Abstract

WHOs Diarrhoeal Disease Control (CDD) Programme encourages national CDD programs to center activities around improving case management practices to reduce mortality from diarrhea since proper case management practices can deliver 90% of children with diarrhea from death. Its 2nd priority is to reduce diarrheal incidence and associated harmful effects especially malnutrition. In fact WHO provides in service training on breast feeding promotion for health workers to support national CDD programs. Eventually it will support research on implementation of breast feeding programs. Research indicates that breast feeding could reduce diarrhea morbidity 8-32%. Further it shows that breast feeding not only significantly reduces the risk of diarrhea for infants especially 1-6 month infants but also can prevent adverse nutritional effects of diarrhea. In addition a child with diarrhea often does not want to eat solid foods but eagerly wants to breast feed.
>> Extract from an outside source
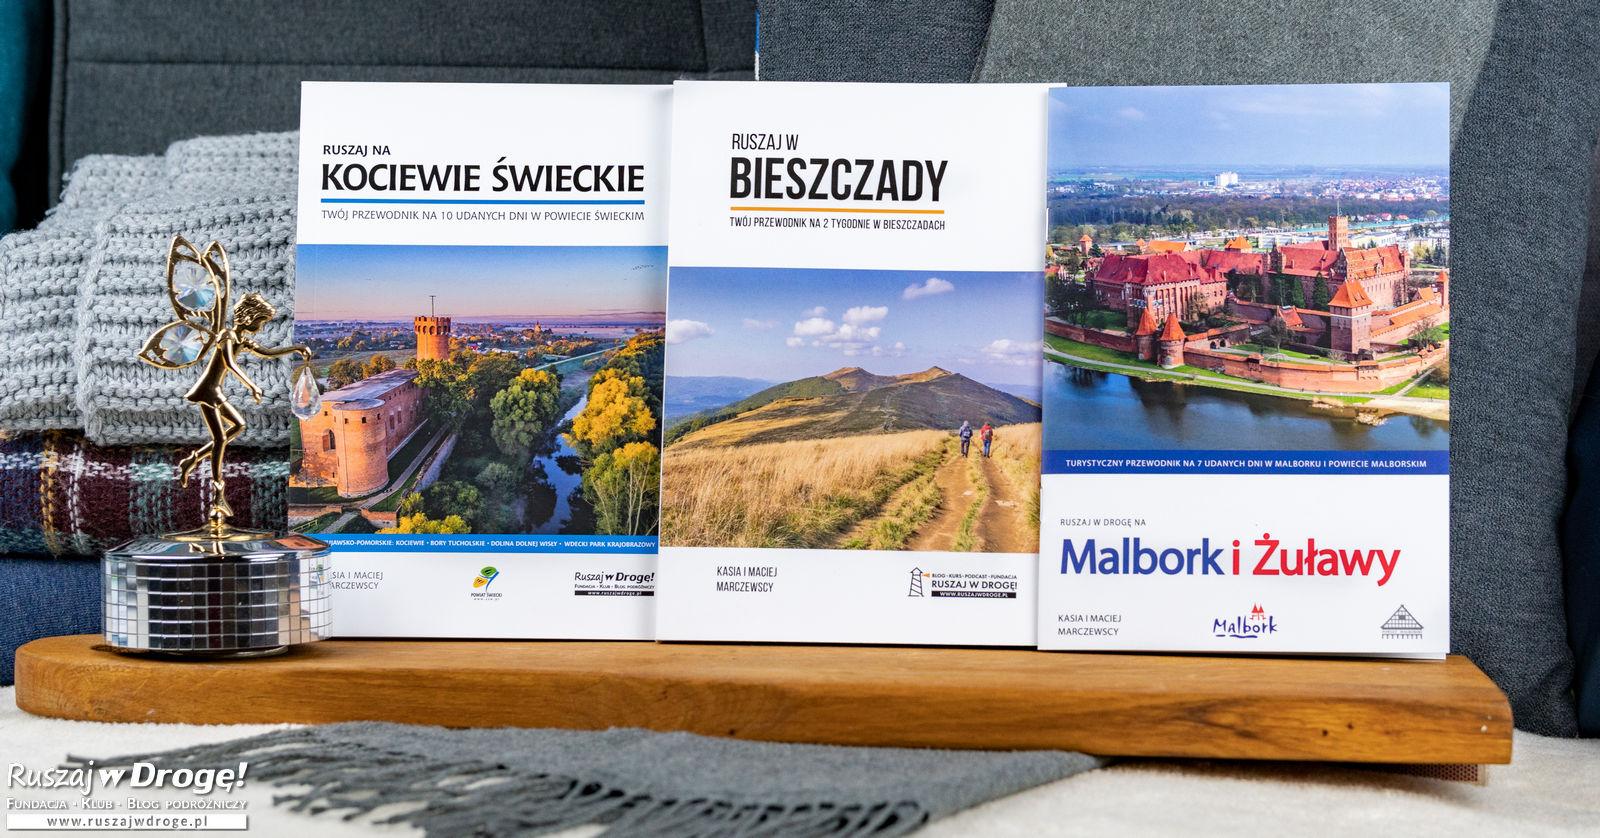 (PAKIET 2+1) Przewodnik: Bieszczady, Kociewie Świeckie + Malbork i Żuławy. Plan na 31 dni w drodze!
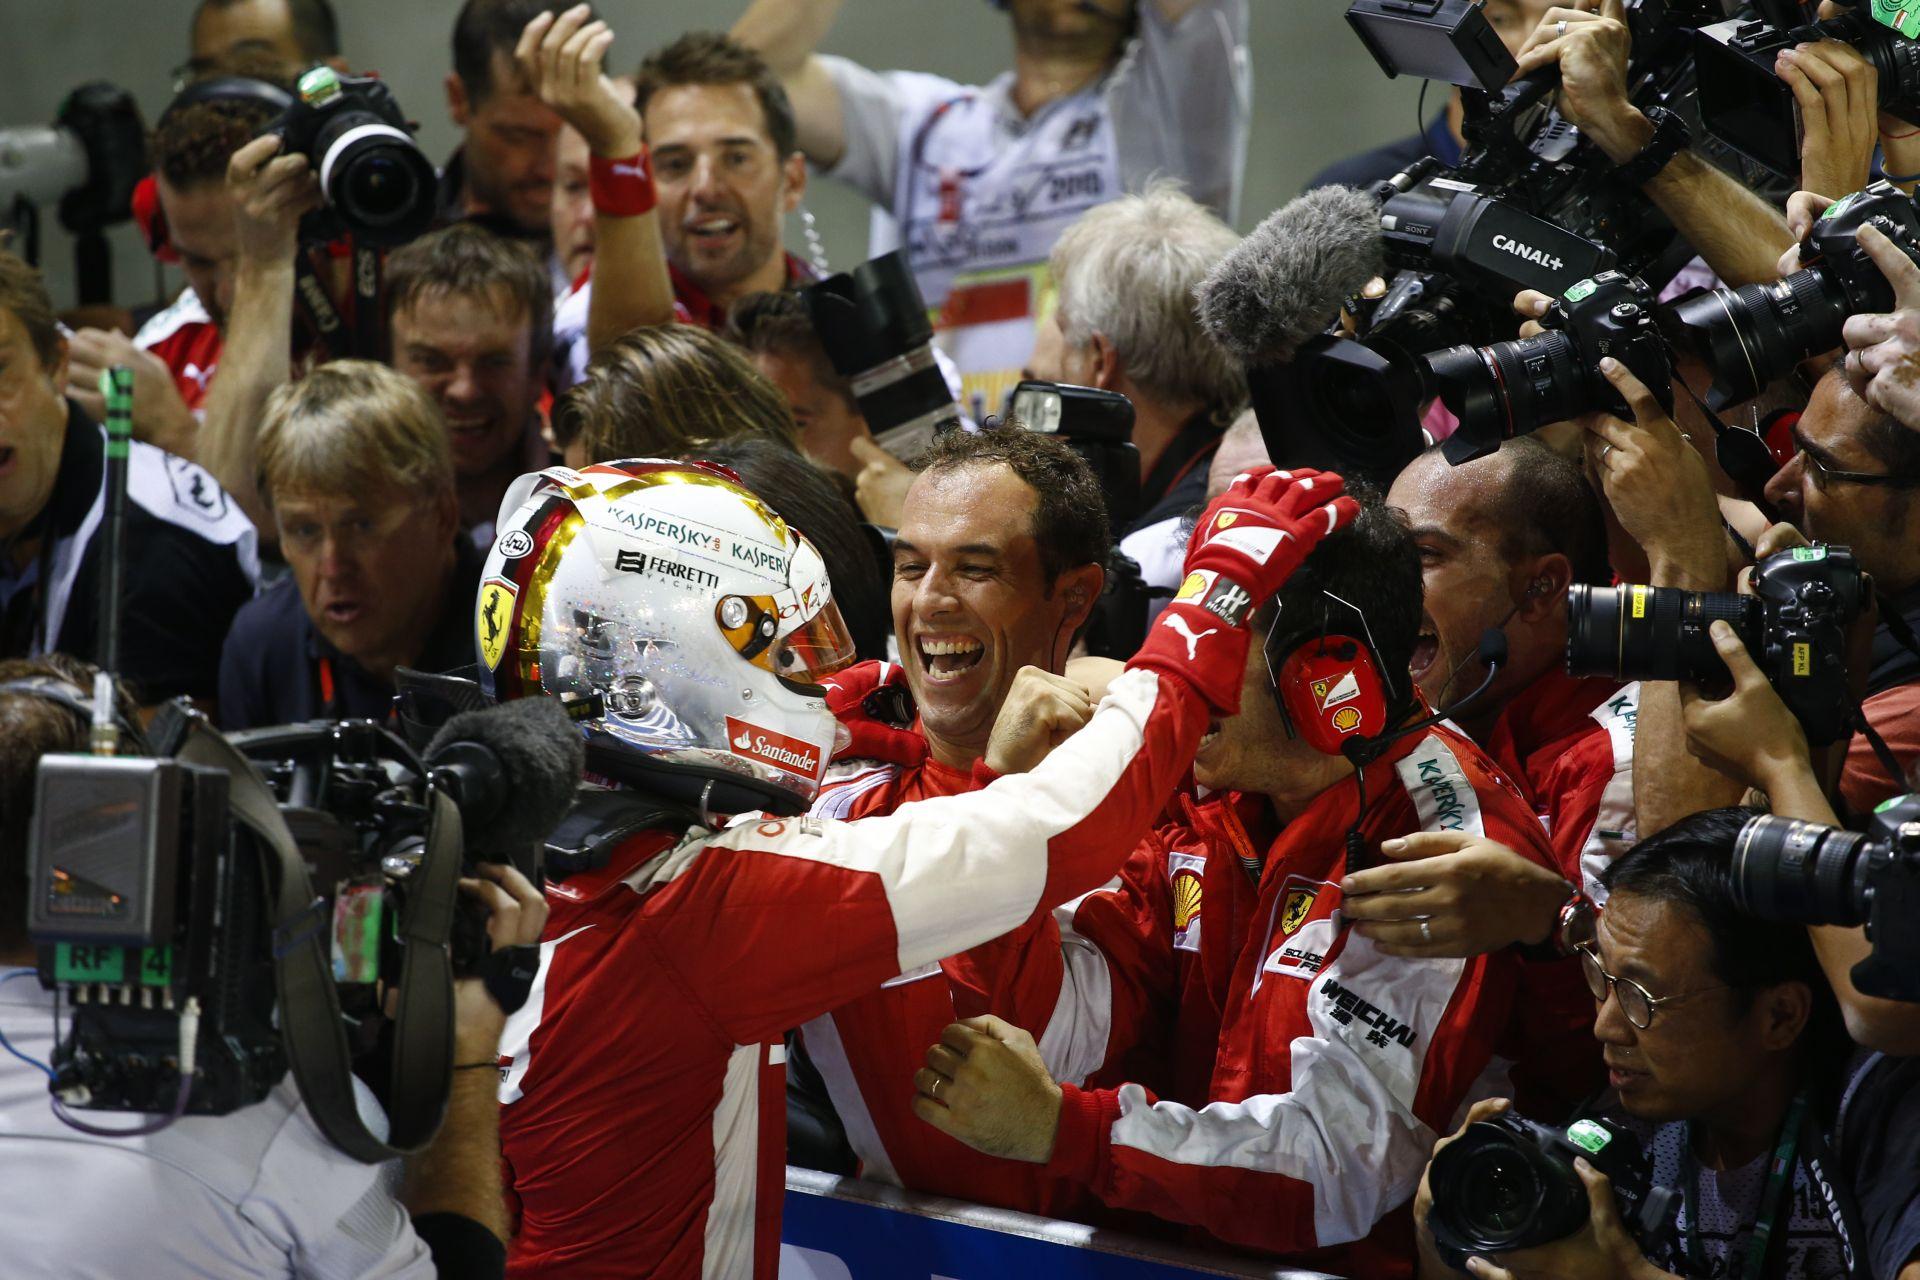 ÉLŐ F1-ES MŰSOR: Vettel lesz 2015 Forma-1 bajnoka? Button távozik? Hamilton összeomlik?

Further the frequency and duration of breast feeding changes little during a diarrheal episode thus the much needed energy intake during sickness remains relatively high. Moreover continued breast feeding during a diarrheal episode reduces the mortality risk greatly. For example the median relative risk of death from diarrhea among 1-6 month old infants who do not breast feed at all is 25 when compared to exclusively breast fed infants. This risk falls to 8.6 among the same age infants who partially breast feed when compared to those that are exclusively breast fed. The benefits of breast milk include its important role in preventing and managing diarrhea related dehydration and in reducing exposure to contaminated foods and fluids. Cost effectiveness studies demonstrate that the cost/diarrhea episode and cost/diarrhea death averted could be greatly reduced if CDD programs promote breast feeding.